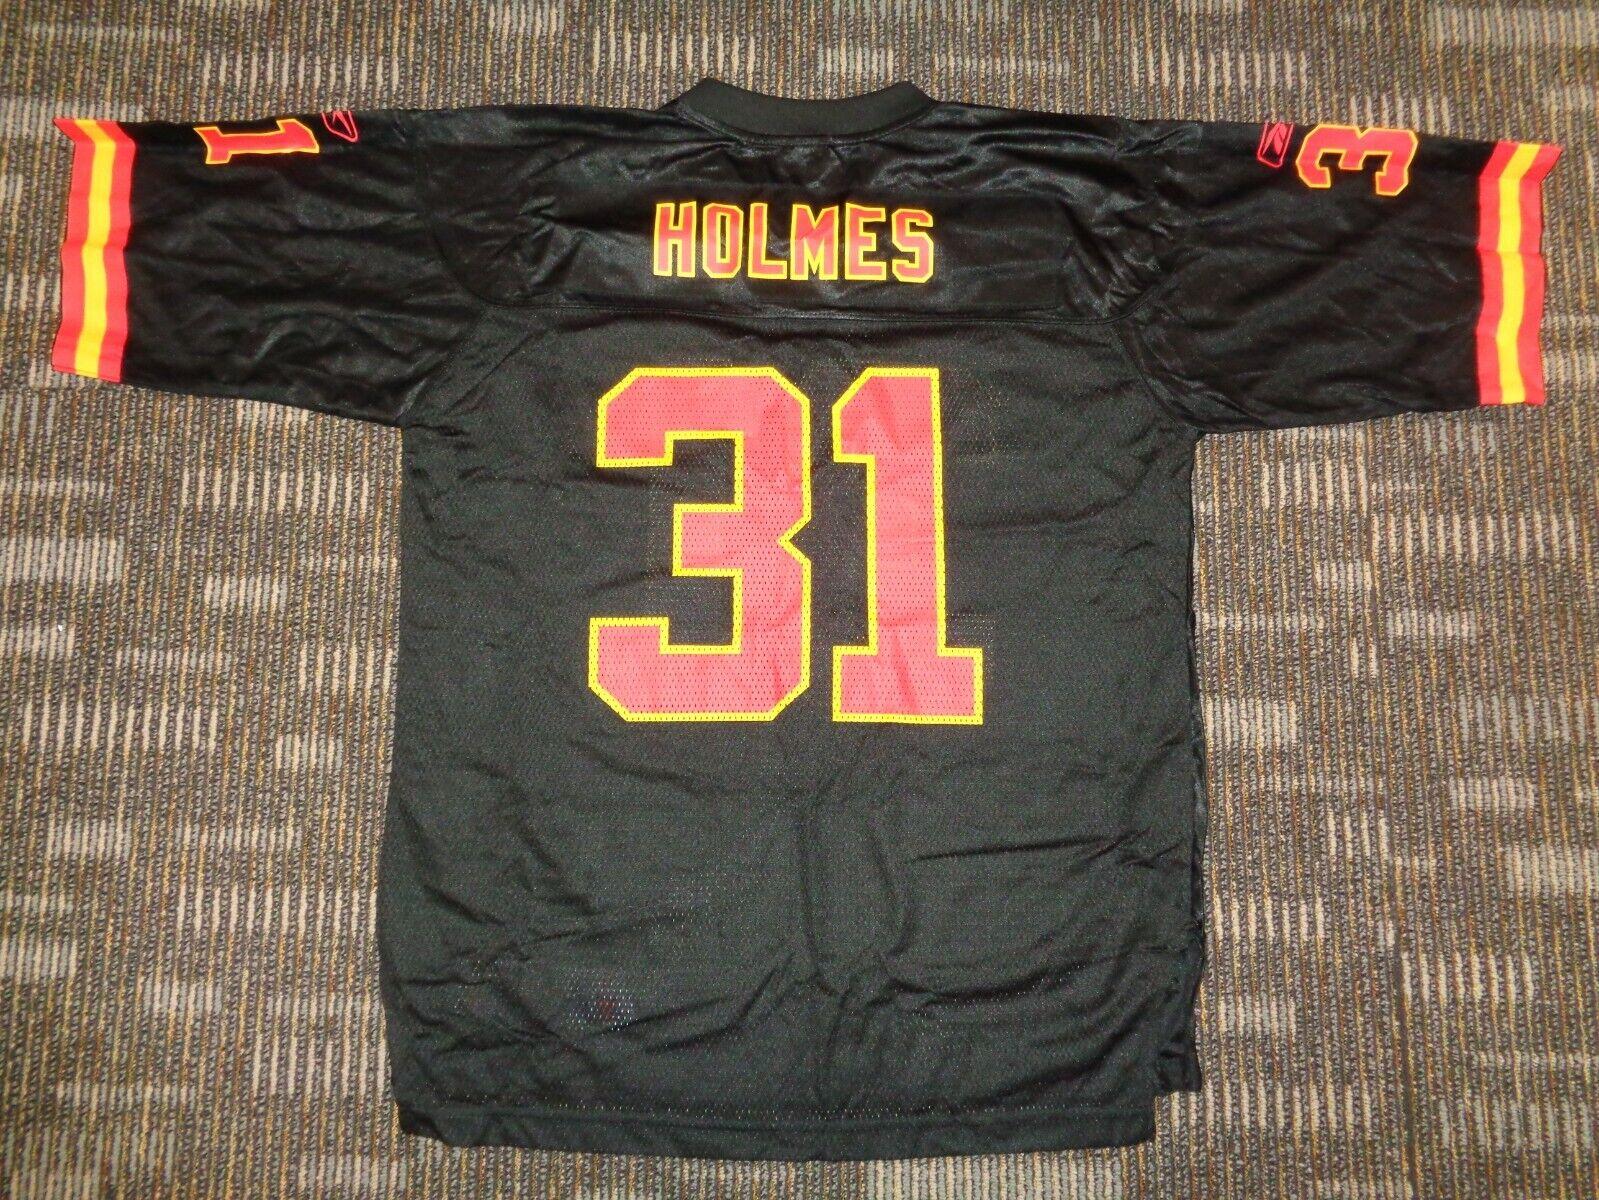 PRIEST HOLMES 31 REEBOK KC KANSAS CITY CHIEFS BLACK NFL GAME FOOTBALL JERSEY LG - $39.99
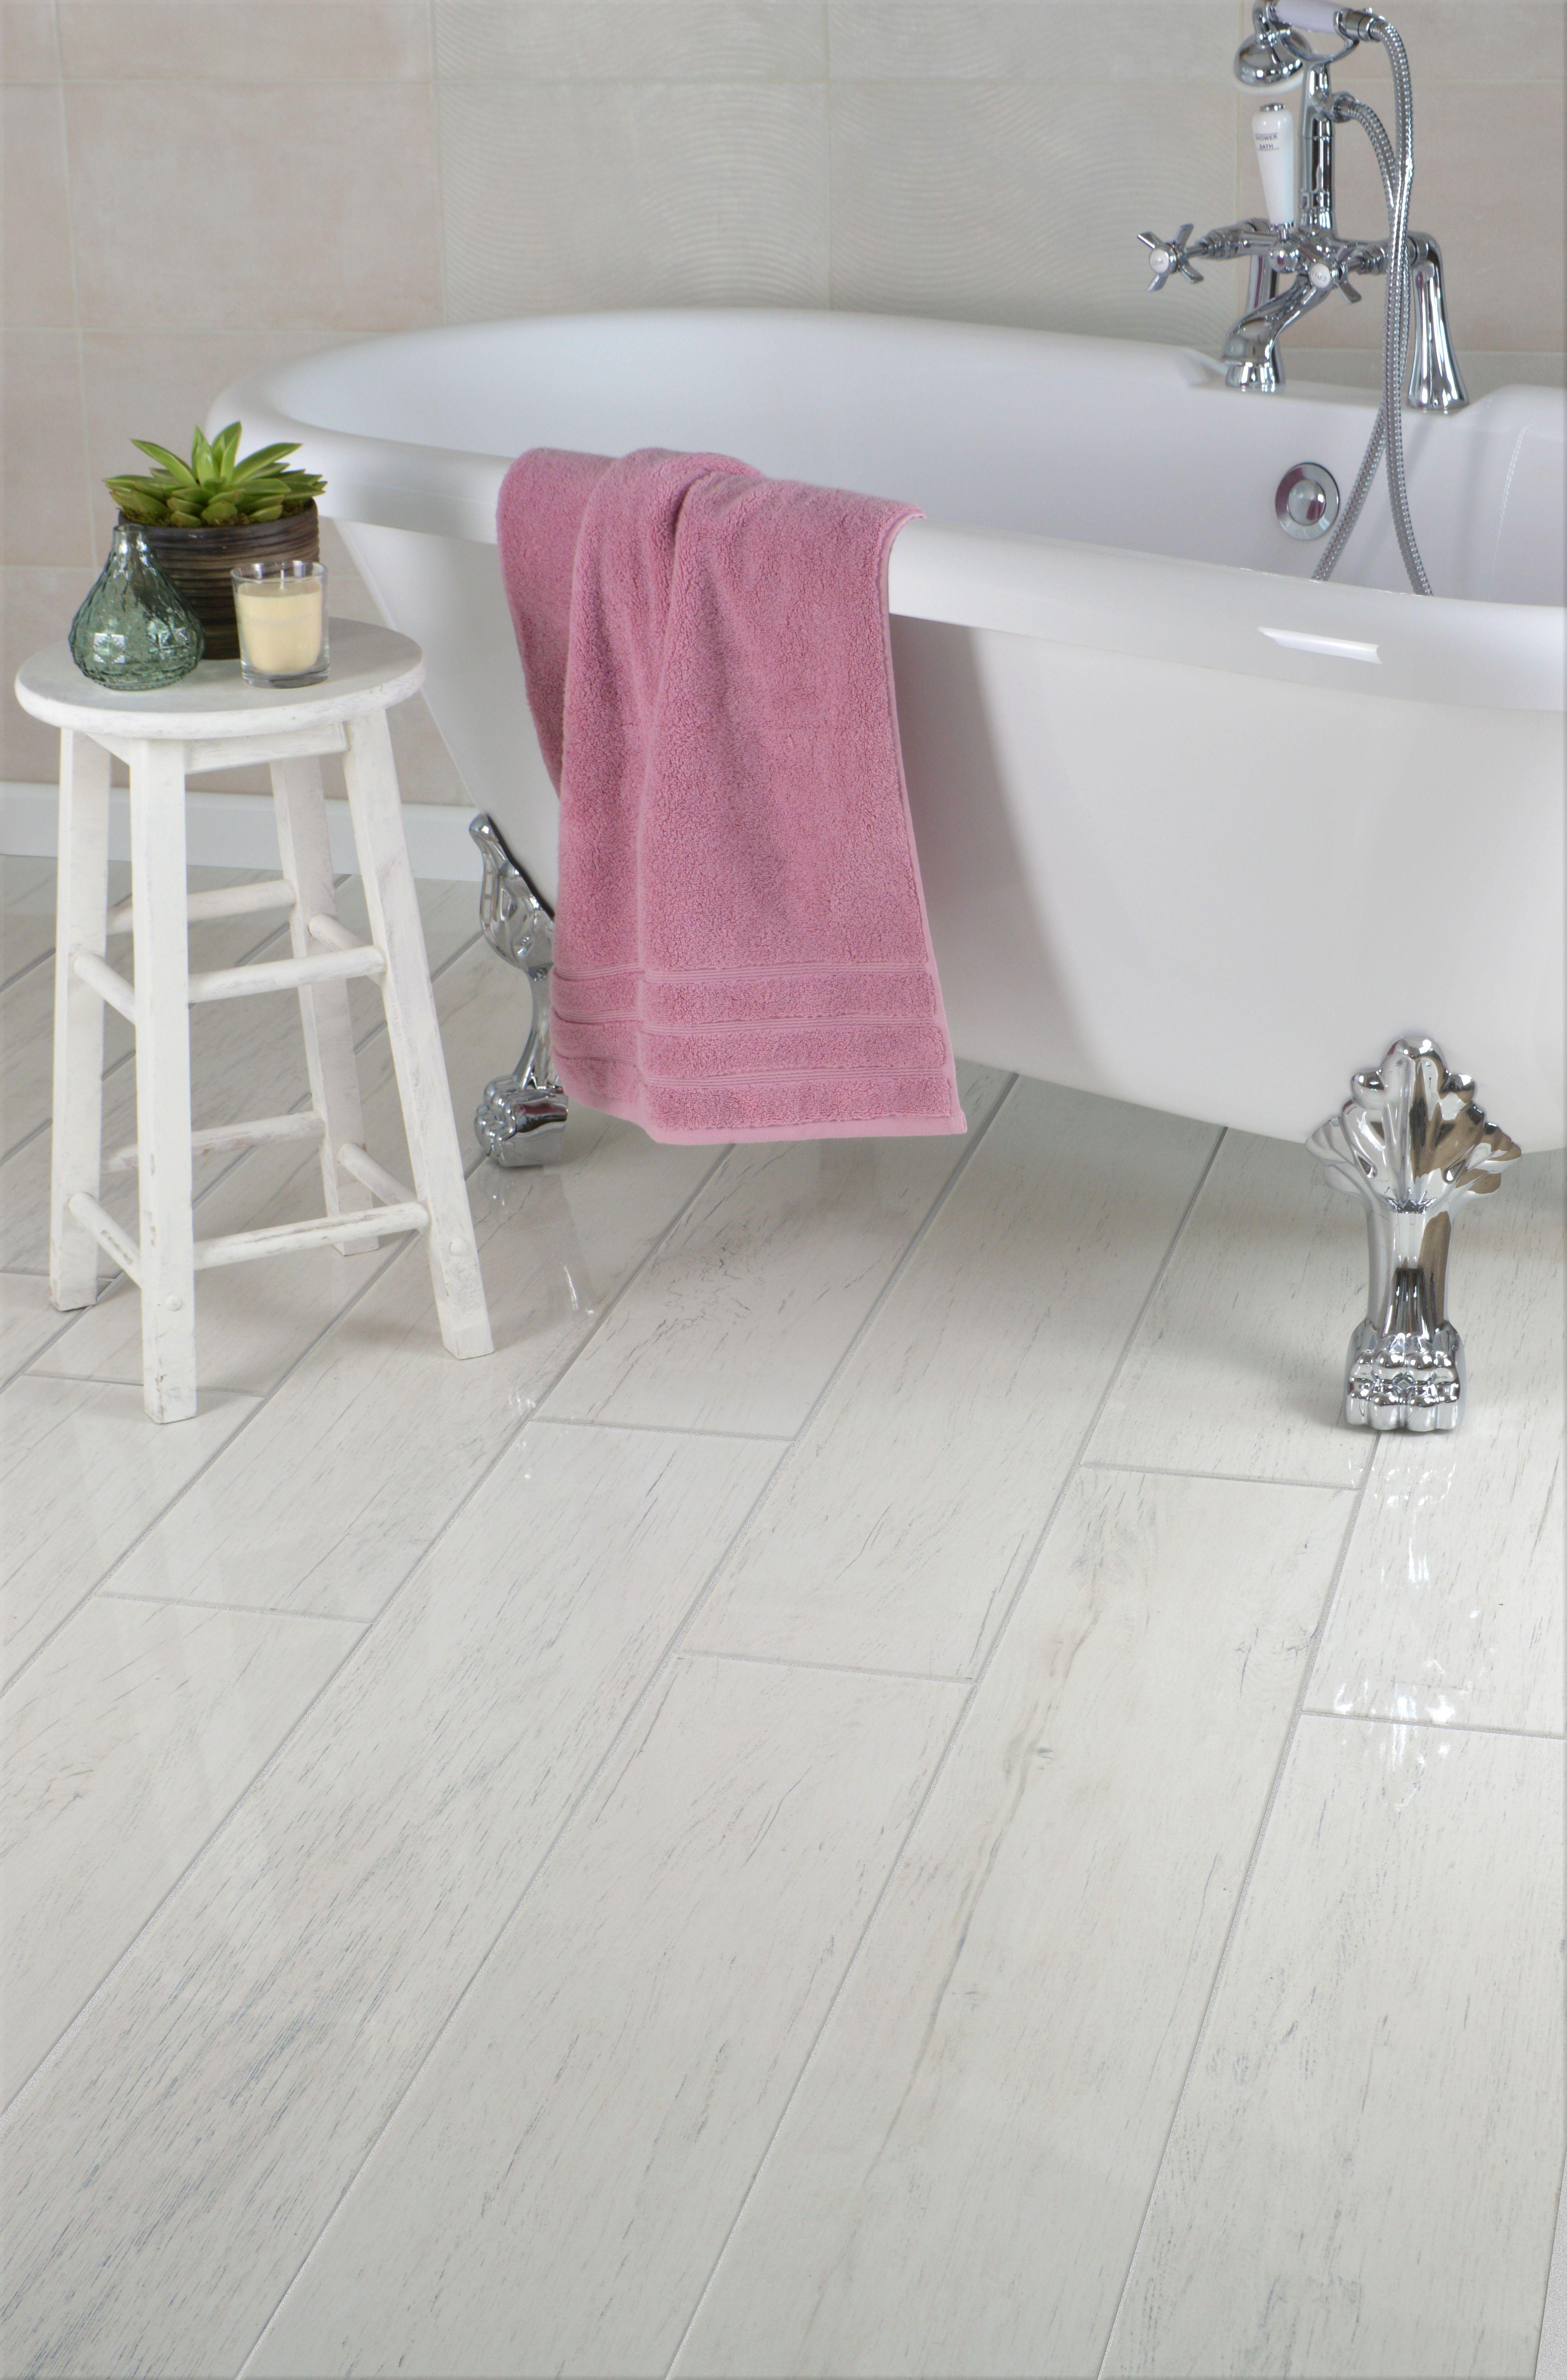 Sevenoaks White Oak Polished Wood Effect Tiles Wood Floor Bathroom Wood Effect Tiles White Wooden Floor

════

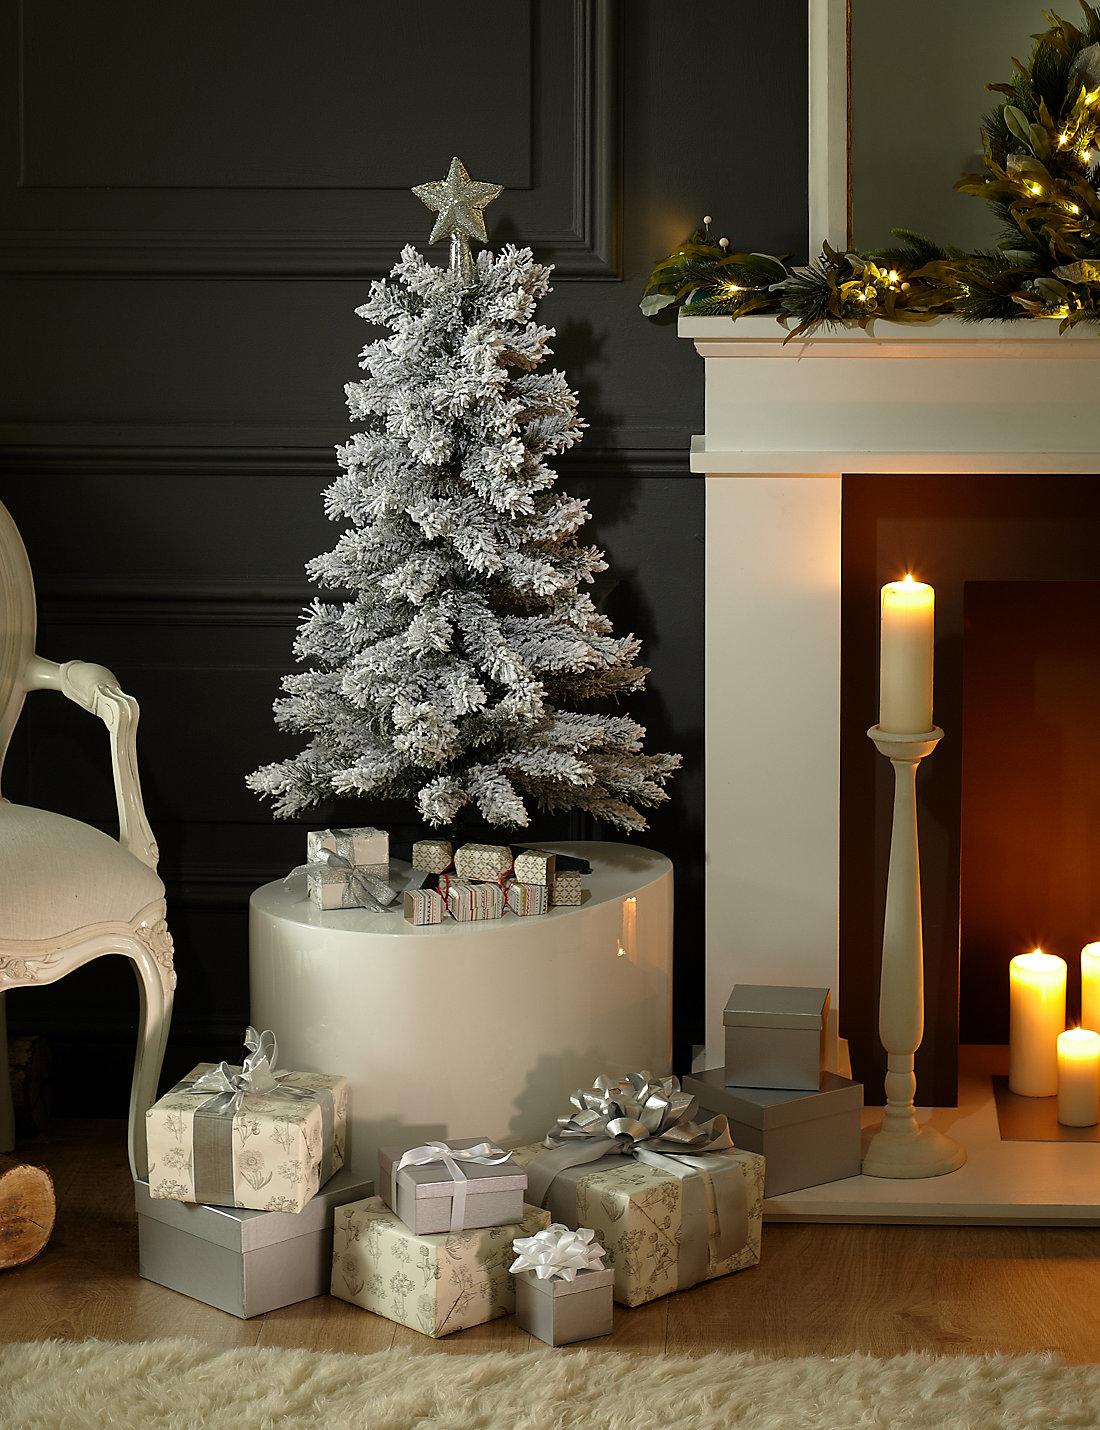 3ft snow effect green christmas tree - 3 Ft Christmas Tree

════

:: EXERCISE DIRECTIONS ::
Skipping every picture, transcribe exactly the lines above from the one containing "PRIEST HOLMES 31" through the one containing "Sevenoaks White Oak", both included.

:: TASK RESPONSE ::
 PRIEST HOLMES 31 REEBOK KC KANSAS CITY CHIEFS BLACK NFL GAME FOOTBALL JERSEY LG - $39.99
 Sevenoaks White Oak Polished Wood Effect Tiles Wood Floor Bathroom Wood Effect Tiles White Wooden Floor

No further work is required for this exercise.